START GIVEN INFORMATION

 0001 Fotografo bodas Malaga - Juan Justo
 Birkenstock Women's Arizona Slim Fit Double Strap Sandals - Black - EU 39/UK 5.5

END GIVEN INFORMATION
START GIVEN INFORMATION

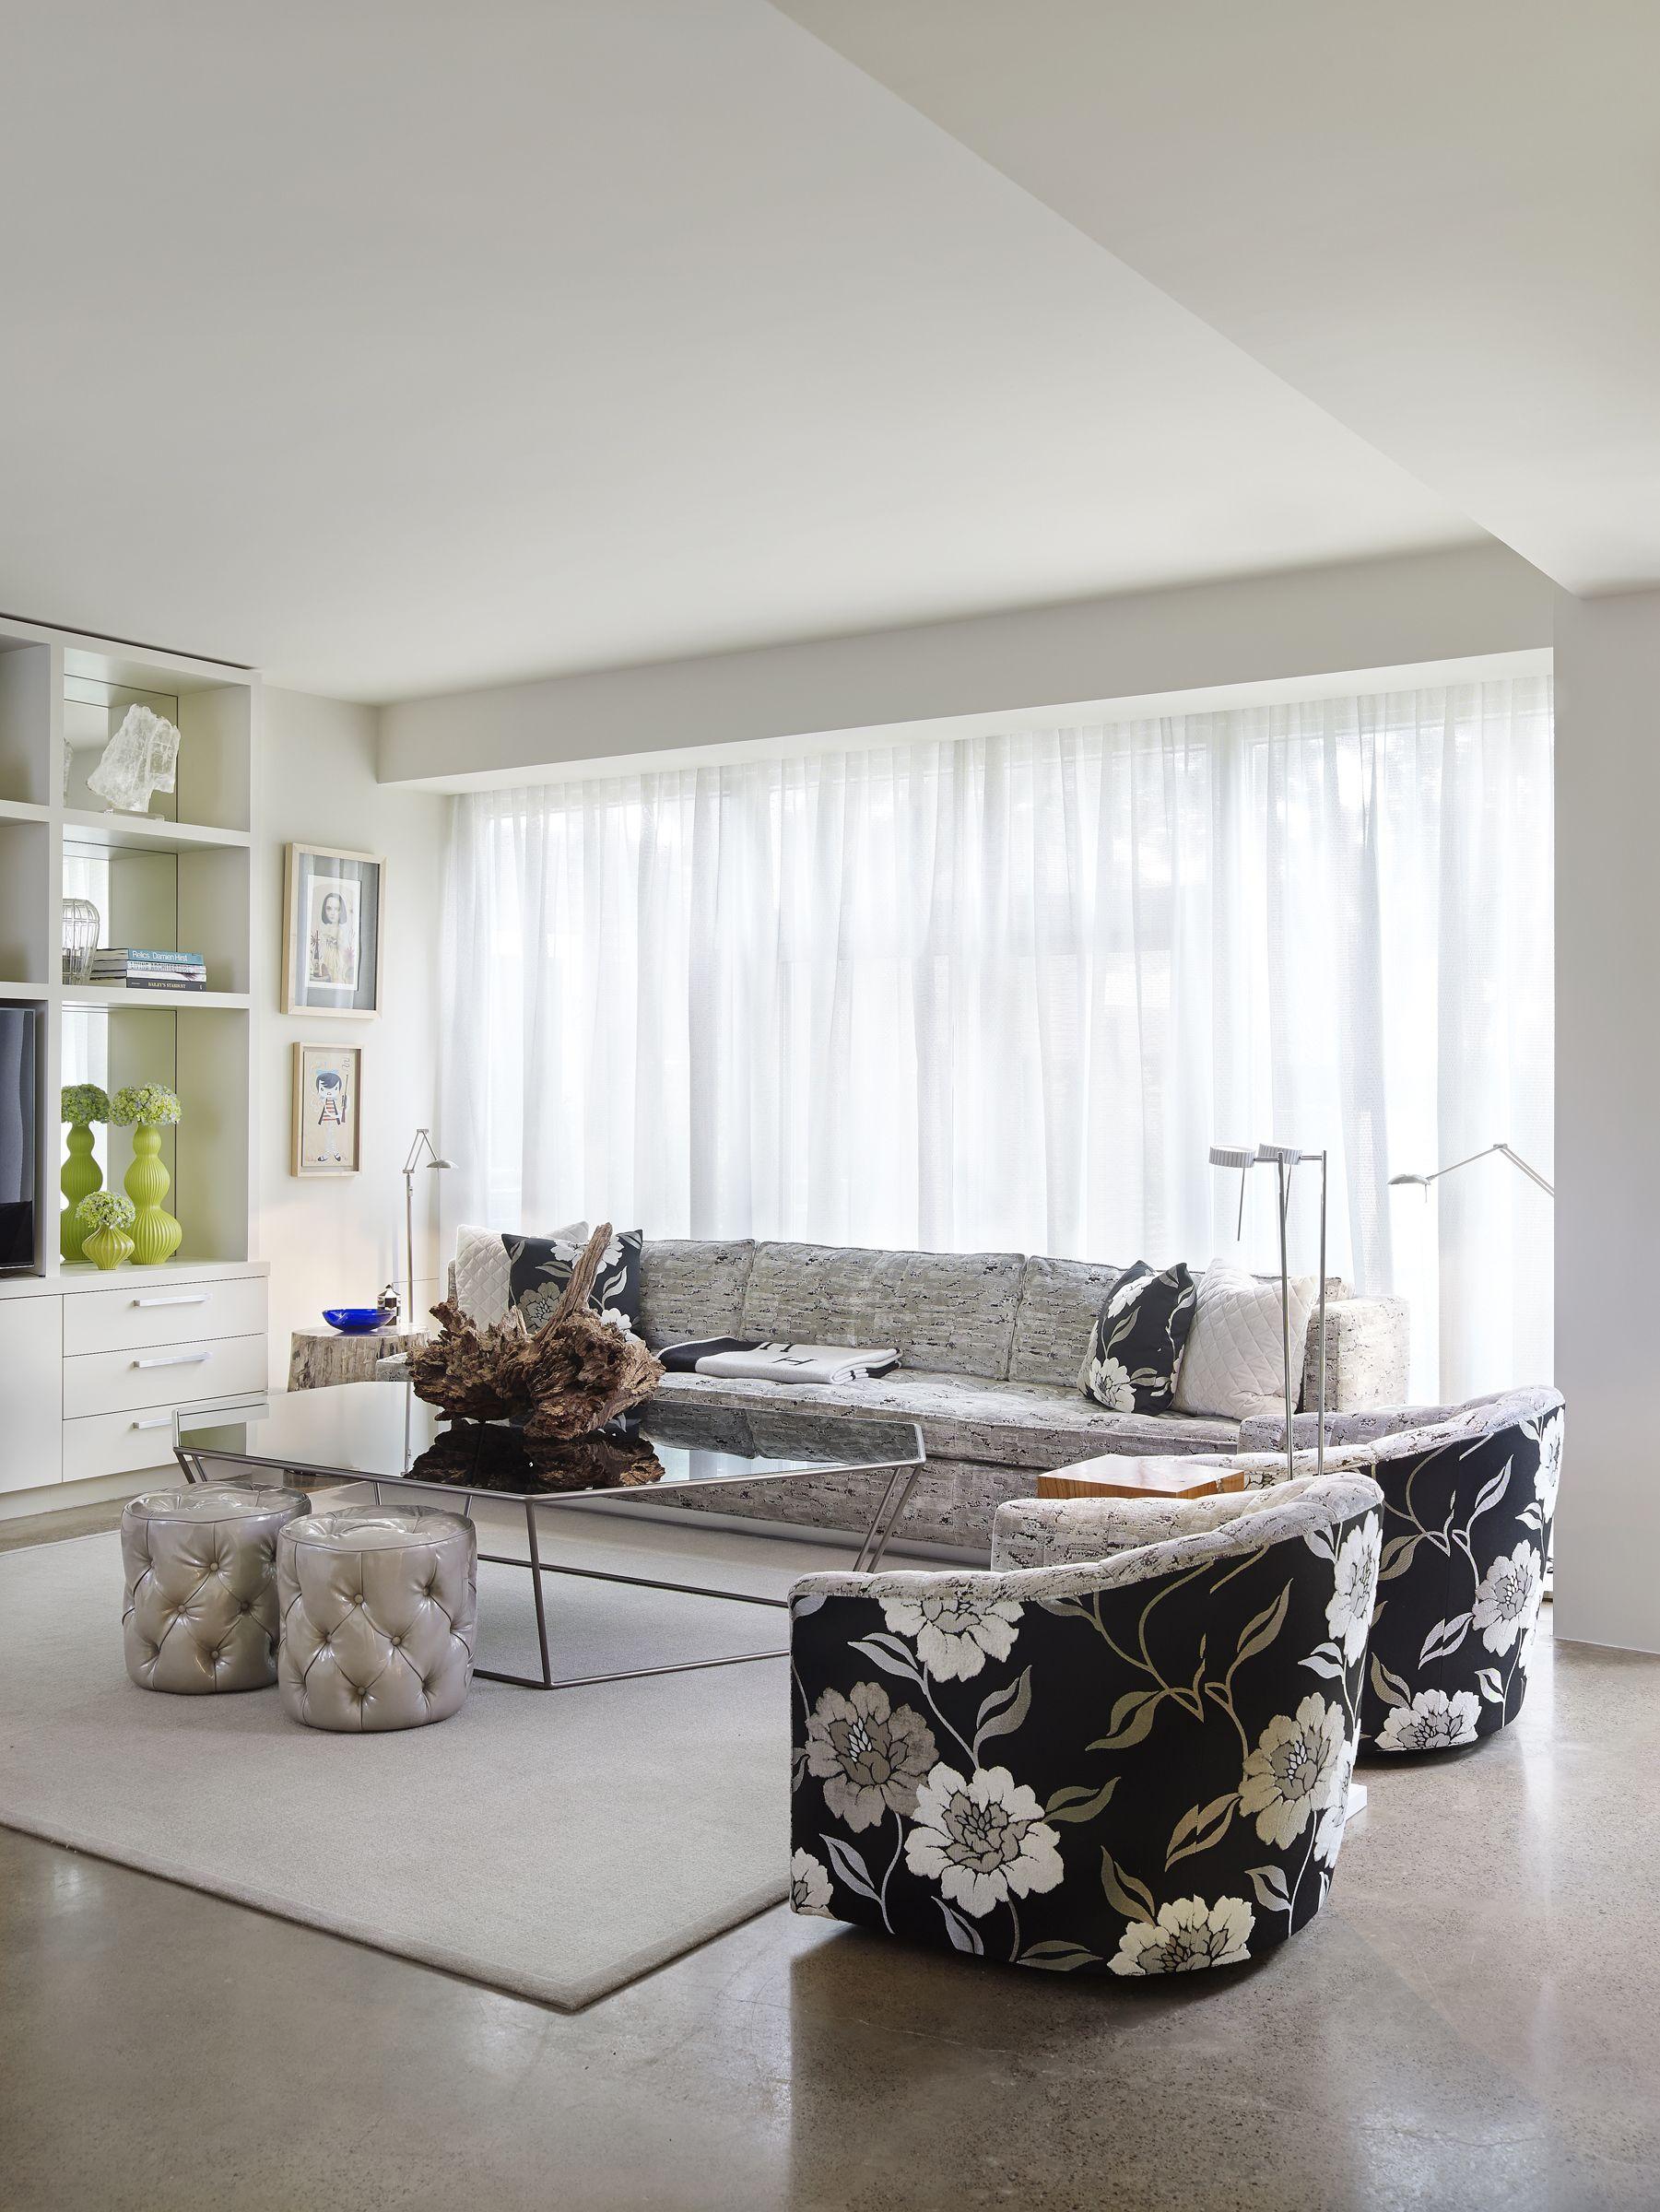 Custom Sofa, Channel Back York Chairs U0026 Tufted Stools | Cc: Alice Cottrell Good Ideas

END GIVEN INFORMATION

### TASK TO CARRY OUT
For this task, write out exactly the lines of the entries above, starting at the line with "0001 Fotografo bodas Malaga - Juan Justo" and ending at the line with "Birkenstock Women's Arizona", both included, and no others.

### REPLY
 0001 Fotografo bodas Malaga - Juan Justo
 Birkenstock Women's Arizona Slim Fit Double Strap Sandals - Black - EU 39/UK 5.5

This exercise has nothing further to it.